• LISTED RECORDS:
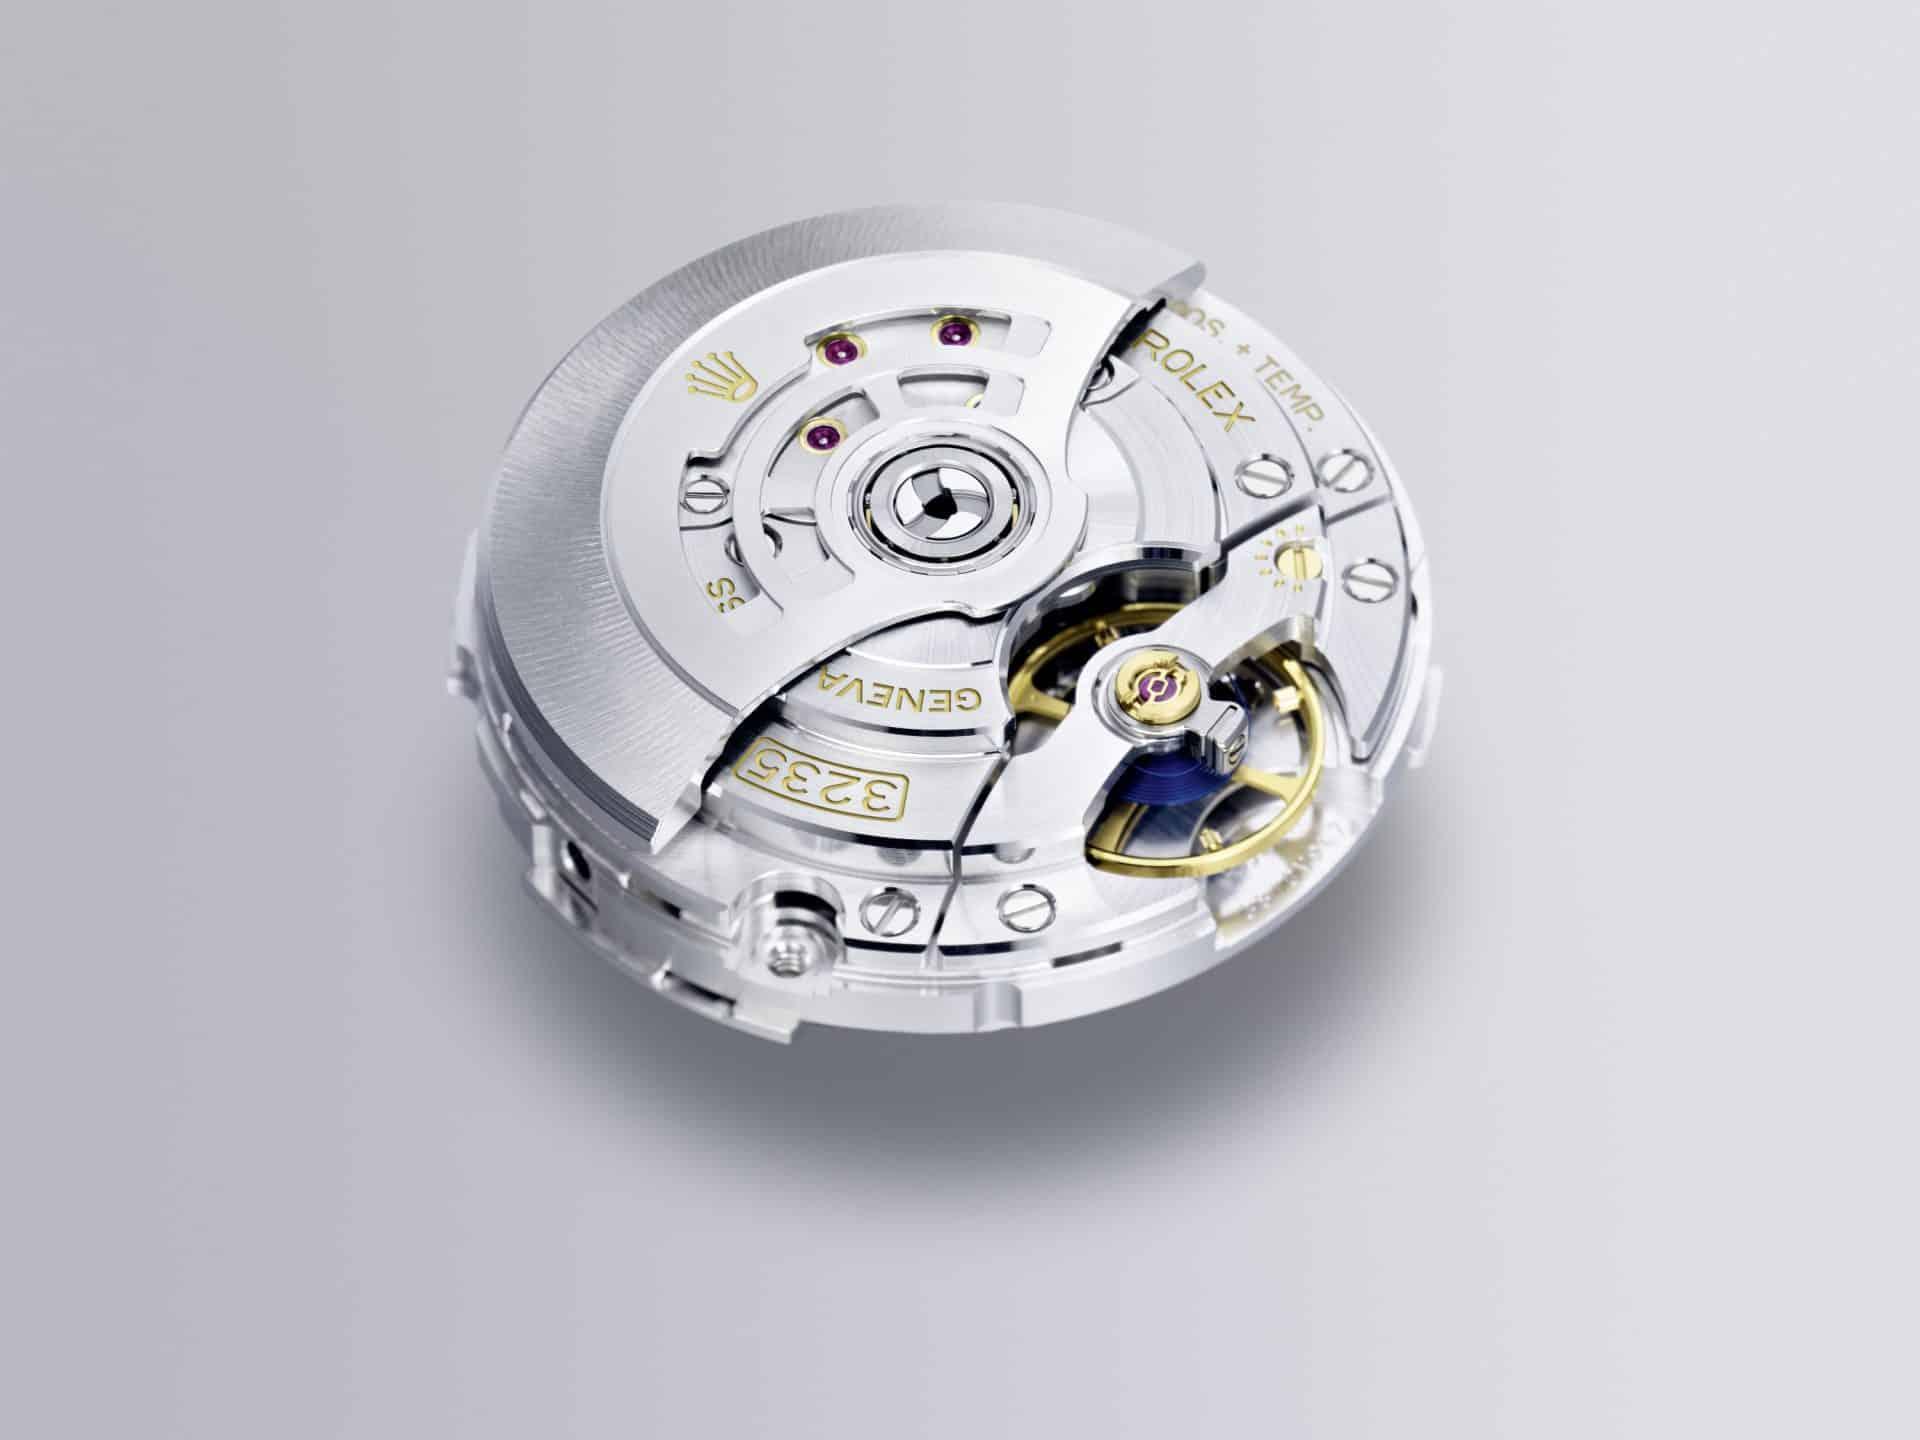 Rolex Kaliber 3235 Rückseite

* * *

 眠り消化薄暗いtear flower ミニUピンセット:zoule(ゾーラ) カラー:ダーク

==

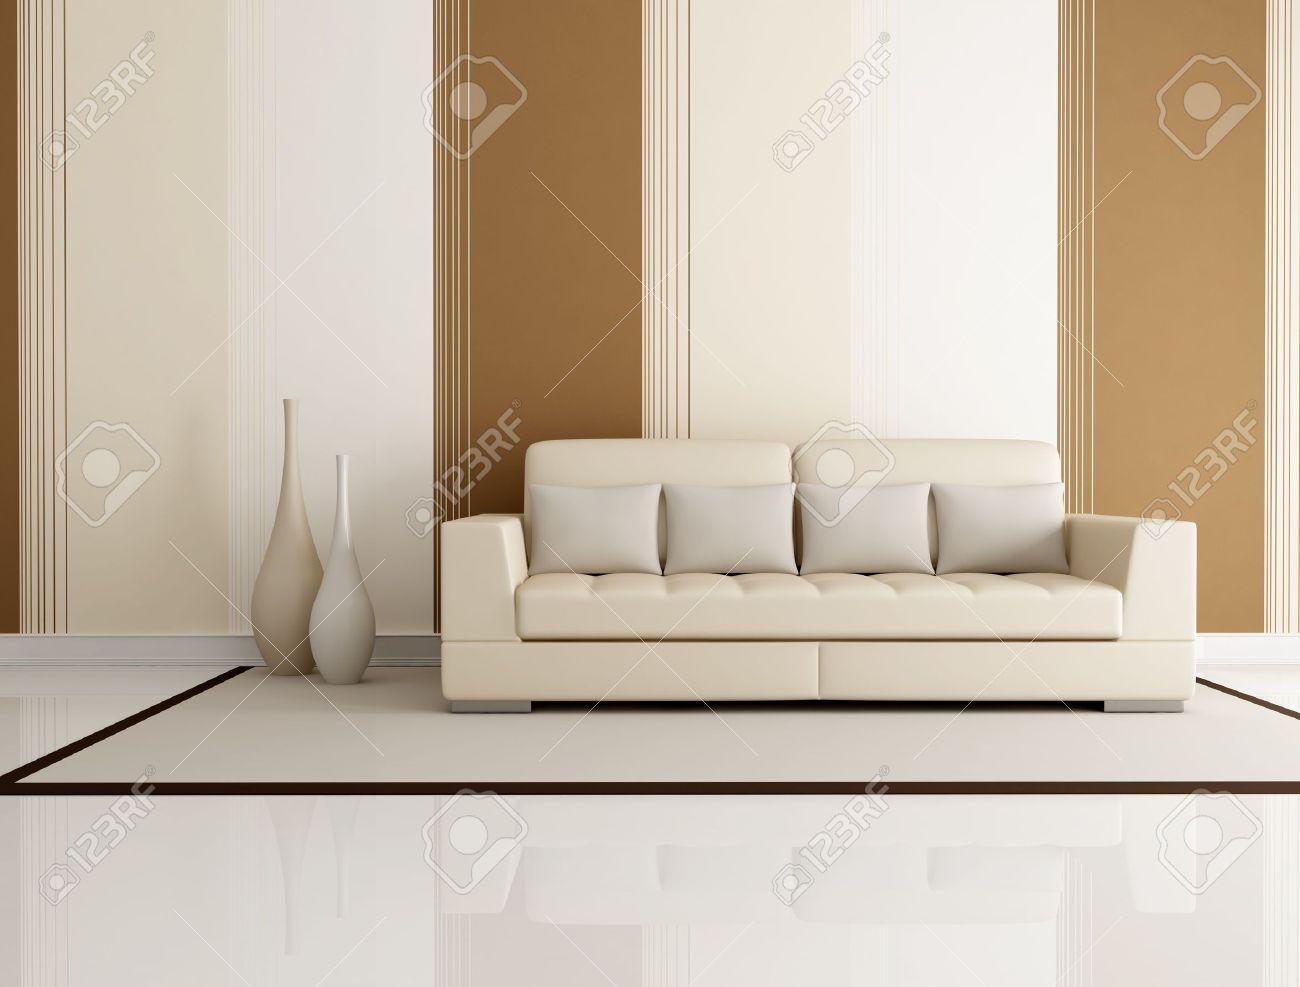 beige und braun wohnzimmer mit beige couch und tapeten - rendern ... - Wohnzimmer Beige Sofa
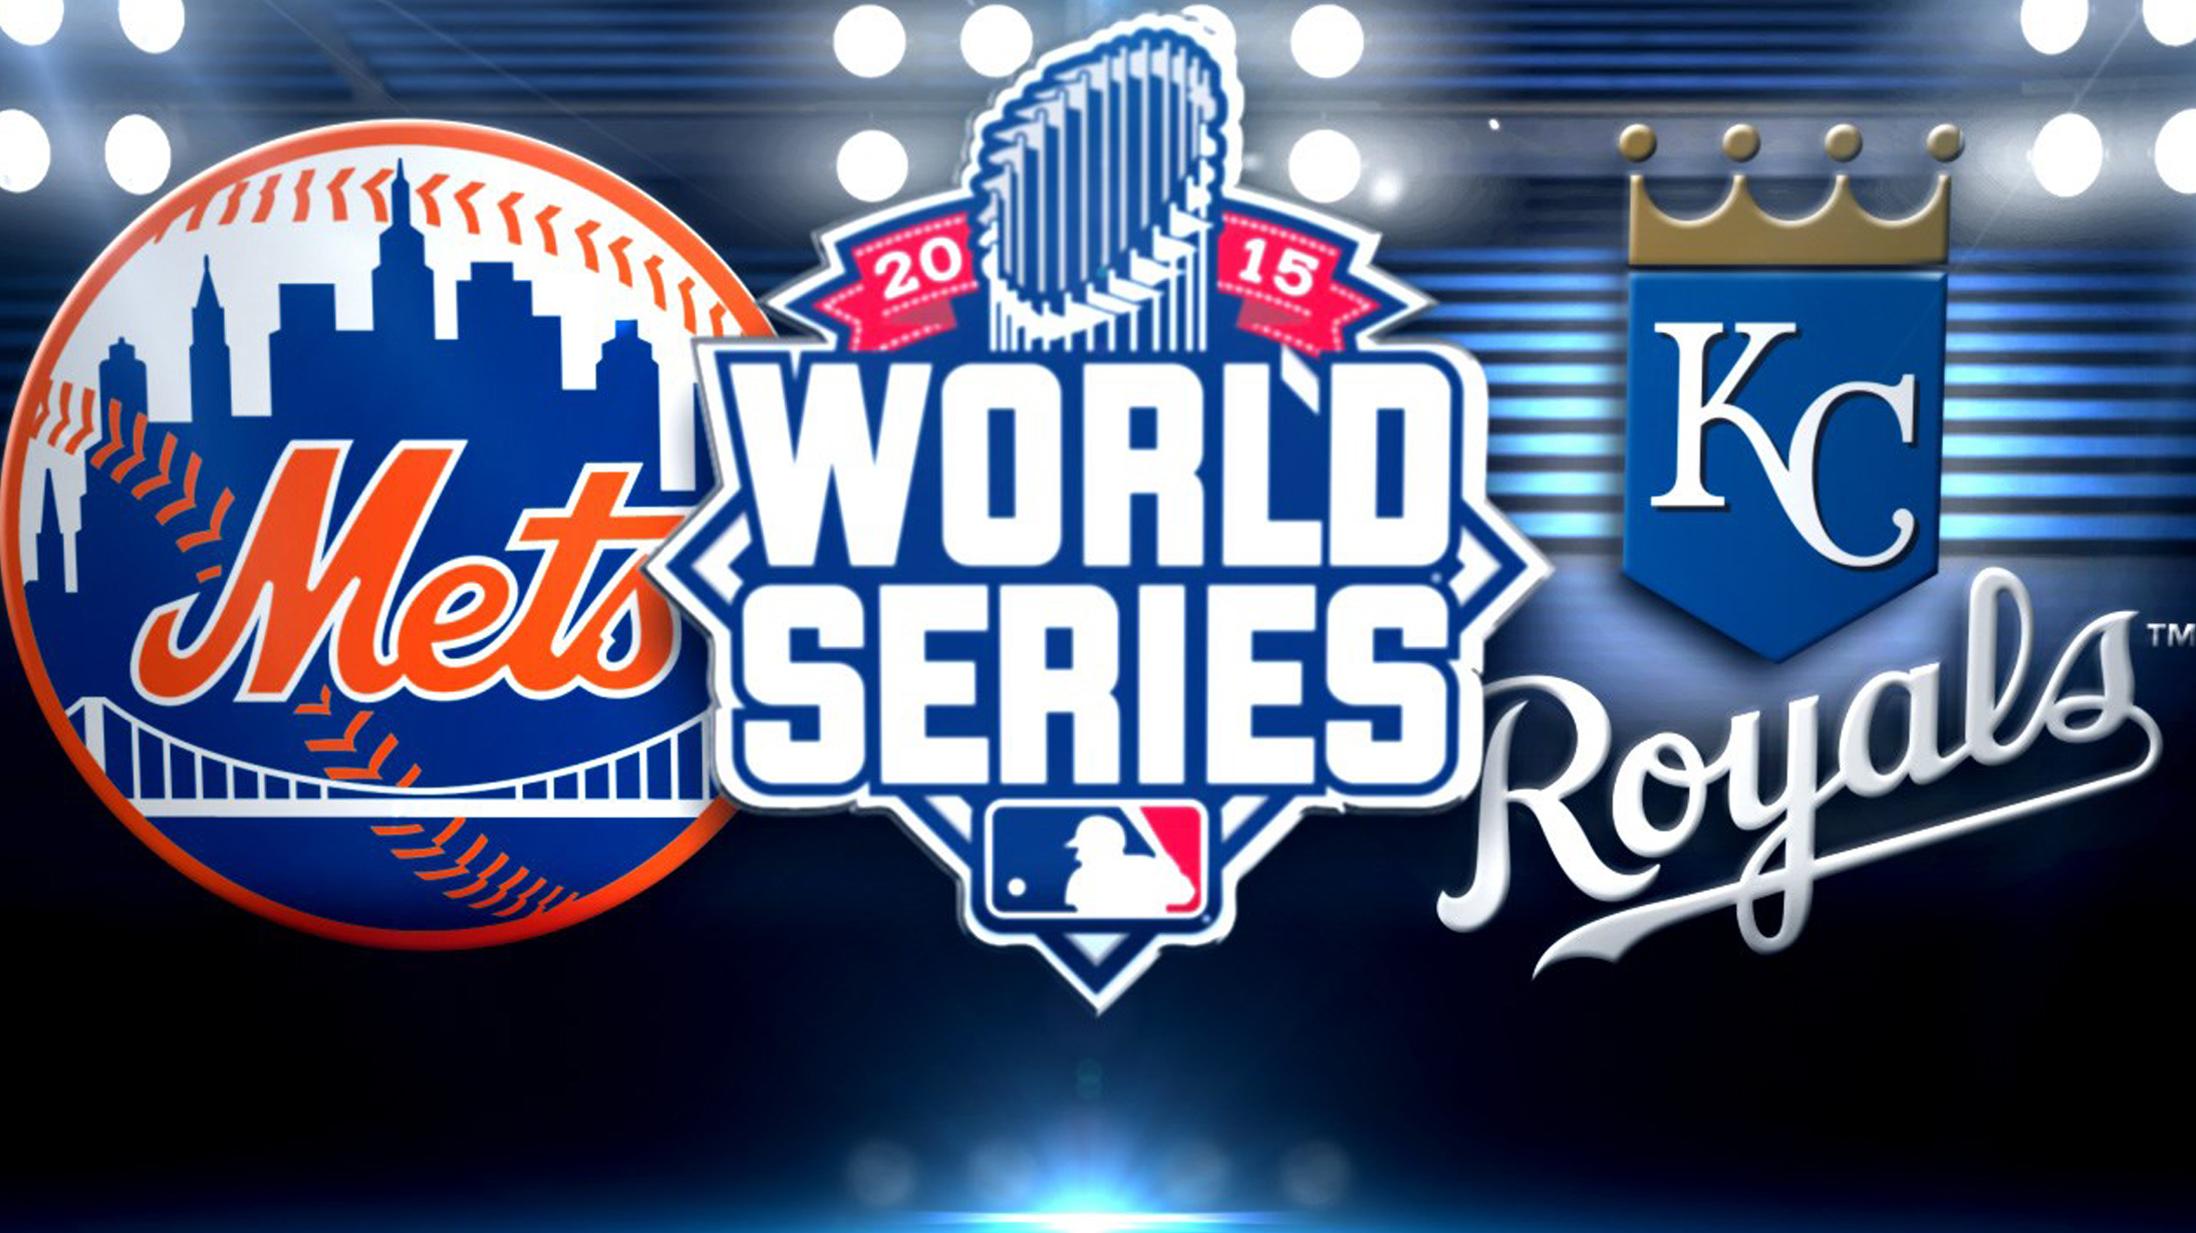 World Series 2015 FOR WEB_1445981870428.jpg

• TASK ITEM:
Starting at the line that contains "beige und braun" and ending at the line that contains "World Series 2015 FOR WEB_1445981870428.jpg", transcribe the material above exactly, excluding pictures.

• ANSWER SECTION:
 beige und braun wohnzimmer mit beige couch und tapeten - rendern ... - Wohnzimmer Beige Sofa
 World Series 2015 FOR WEB_1445981870428.jpg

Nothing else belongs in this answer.